Problem to solve. What is needed here is an exact printout of the data, with no pictures included.

Stored data.

-=-=-

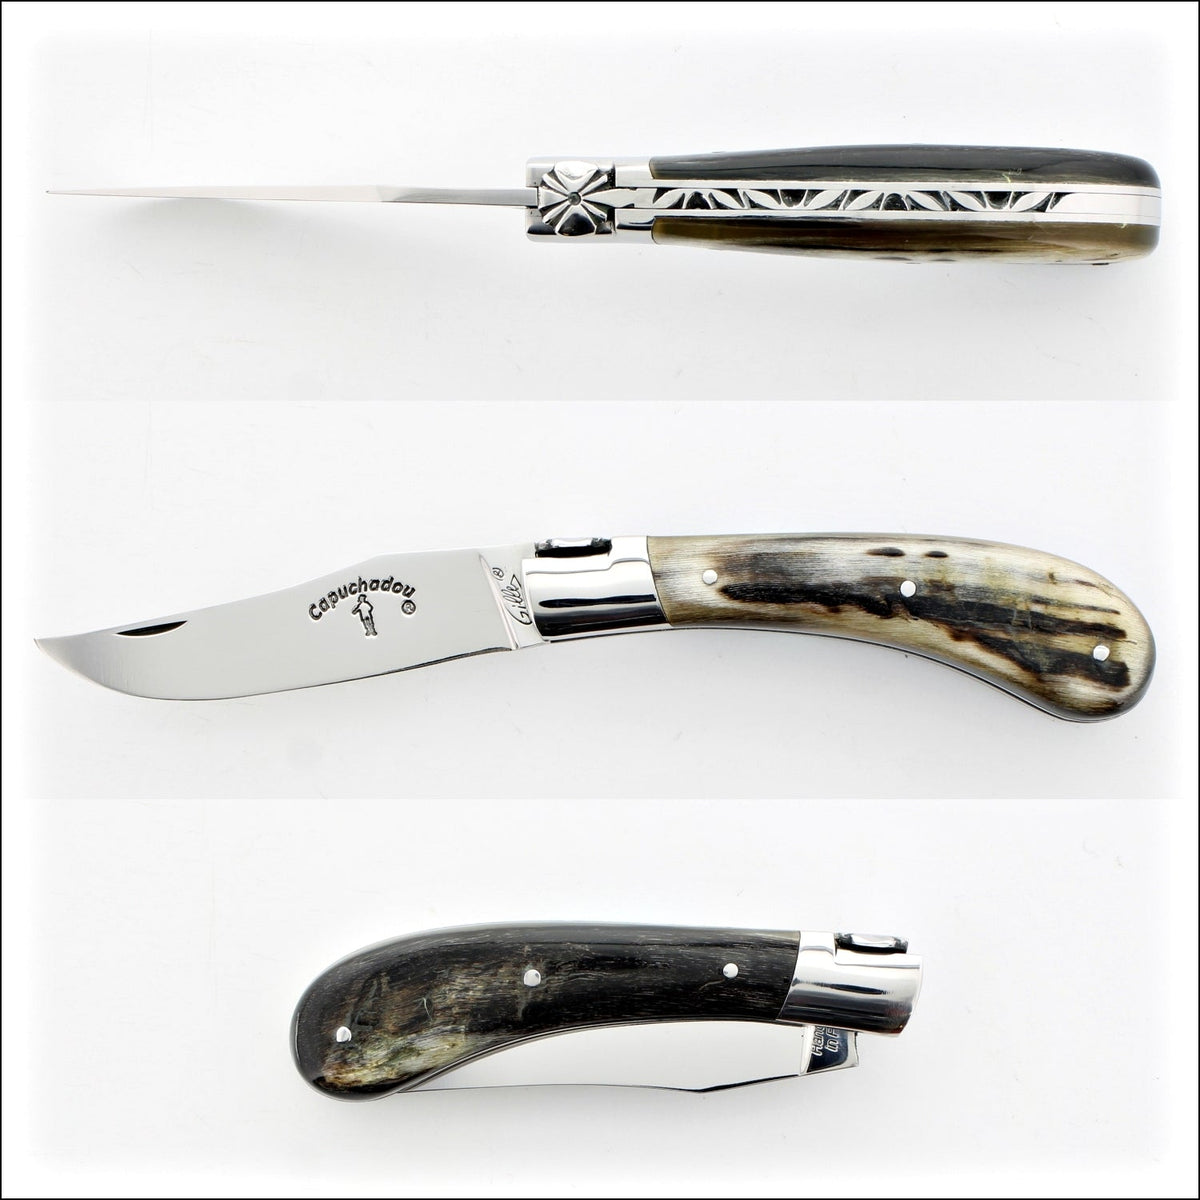 Capuchadou® 10 cm Classic Folding Knife Dark Ram Horn Tip
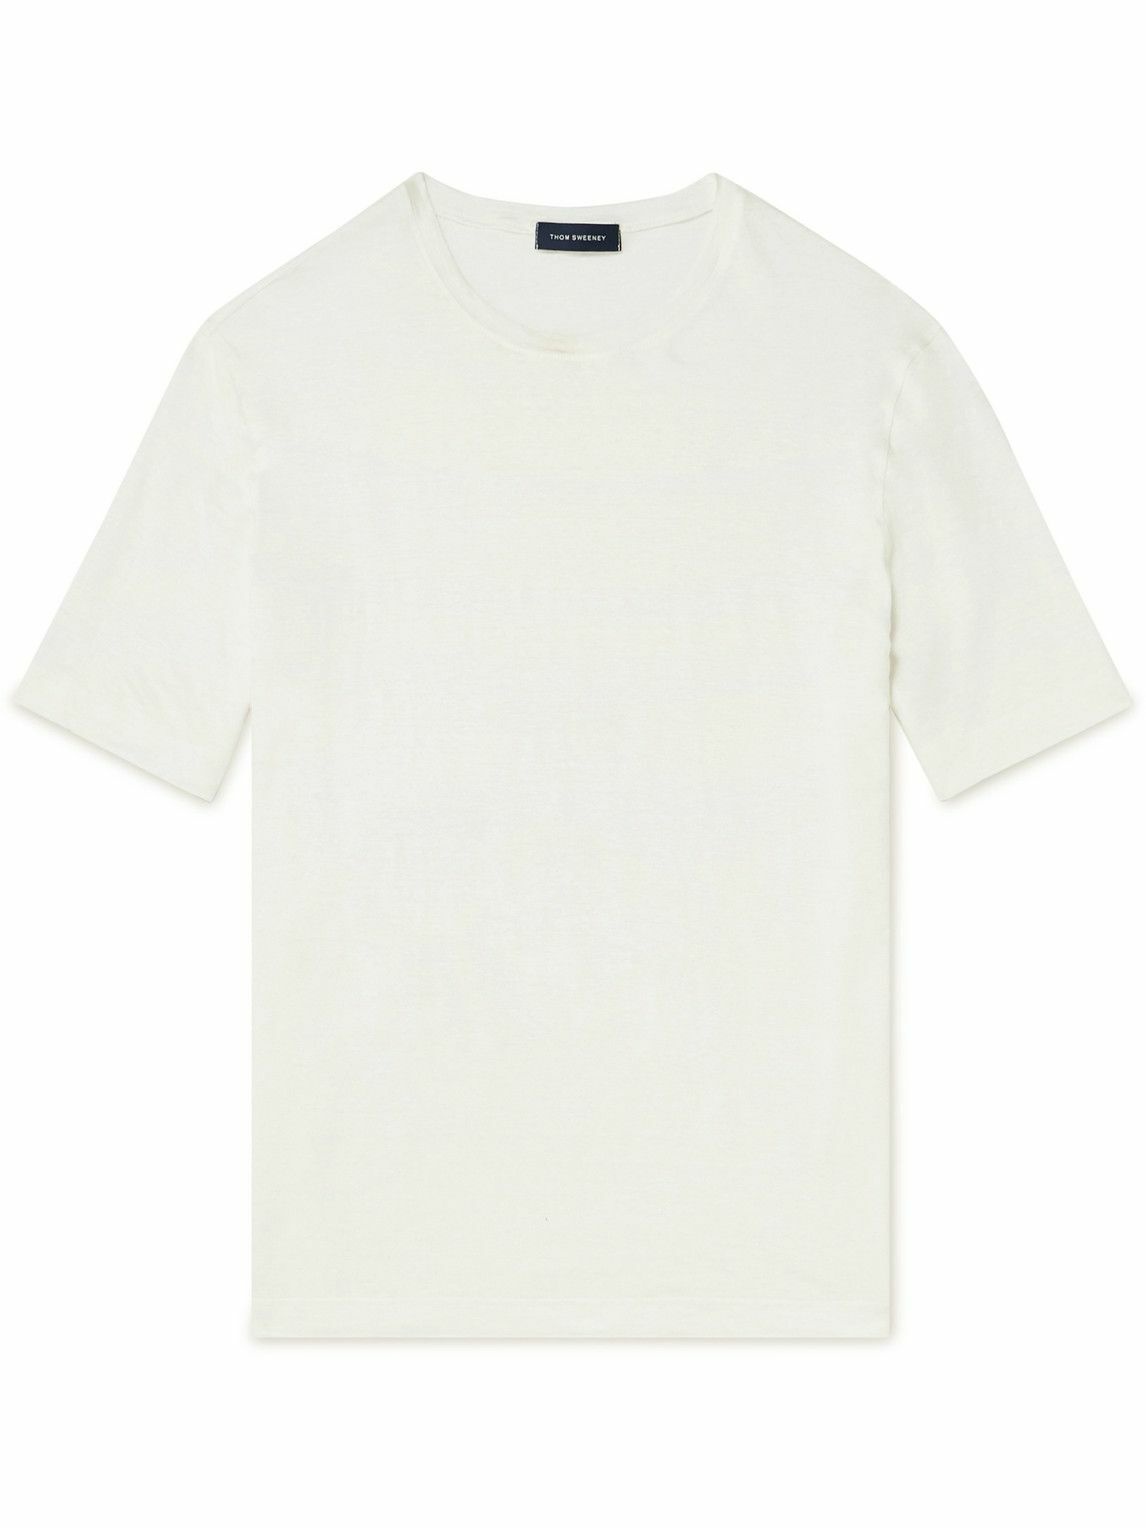 Thom Sweeney - Stretch-Linen T-Shirt - White Thom Sweeney
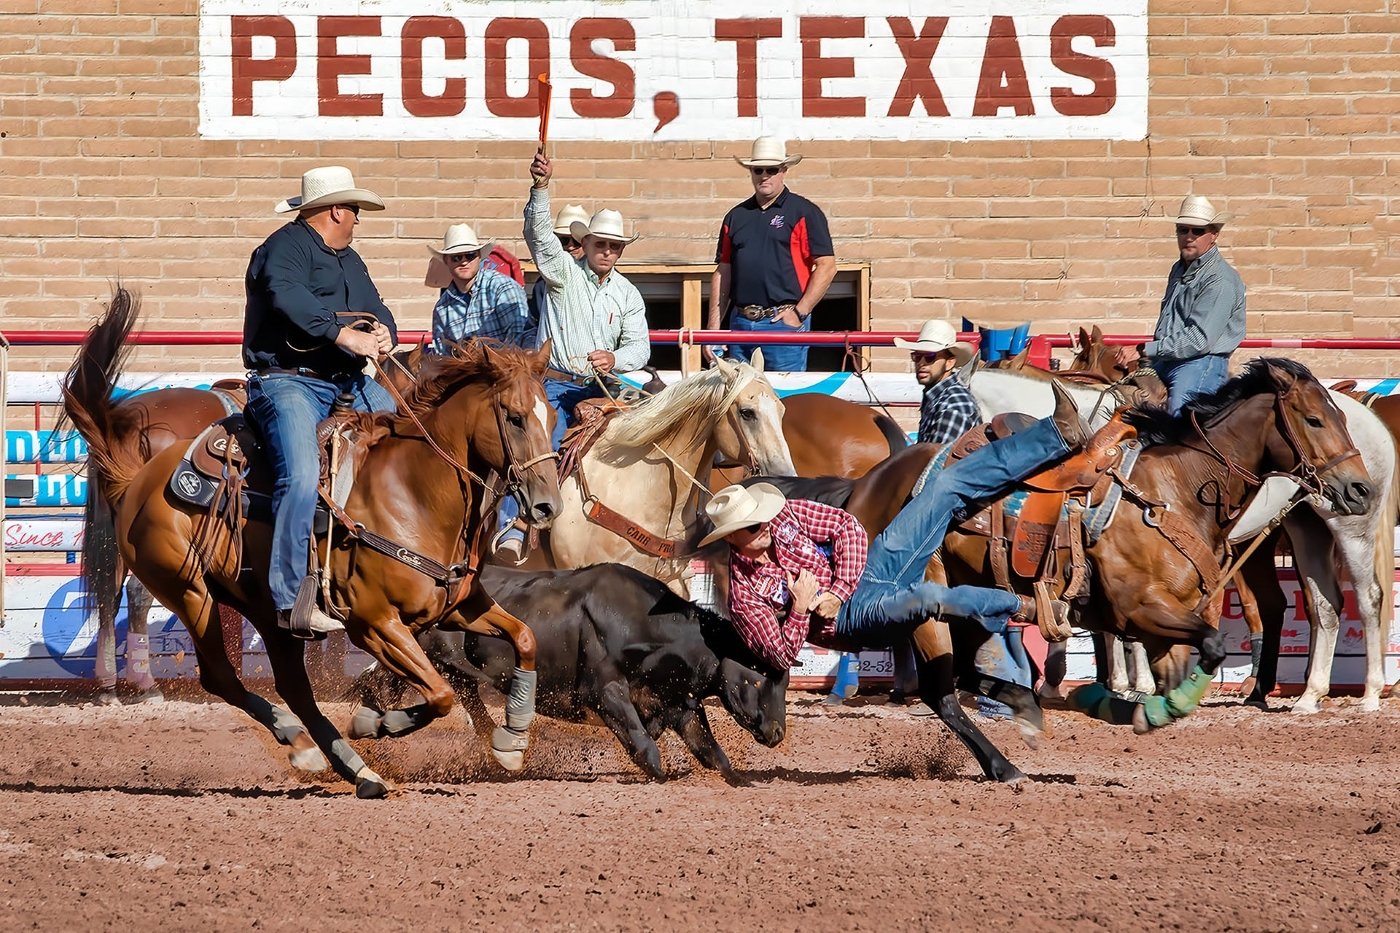 A Crowd in Pecos Texas,	Sam Lucas, Dallas Camera Club,	1 HM

-=-=-

Answer area.
 Capuchadou® 10 cm Classic Folding Knife Dark Ram Horn Tip
 Thom Sweeney - Stretch-Linen T-Shirt - White Thom Sweeney
 A Crowd in Pecos Texas,	Sam Lucas, Dallas Camera Club,	1 HM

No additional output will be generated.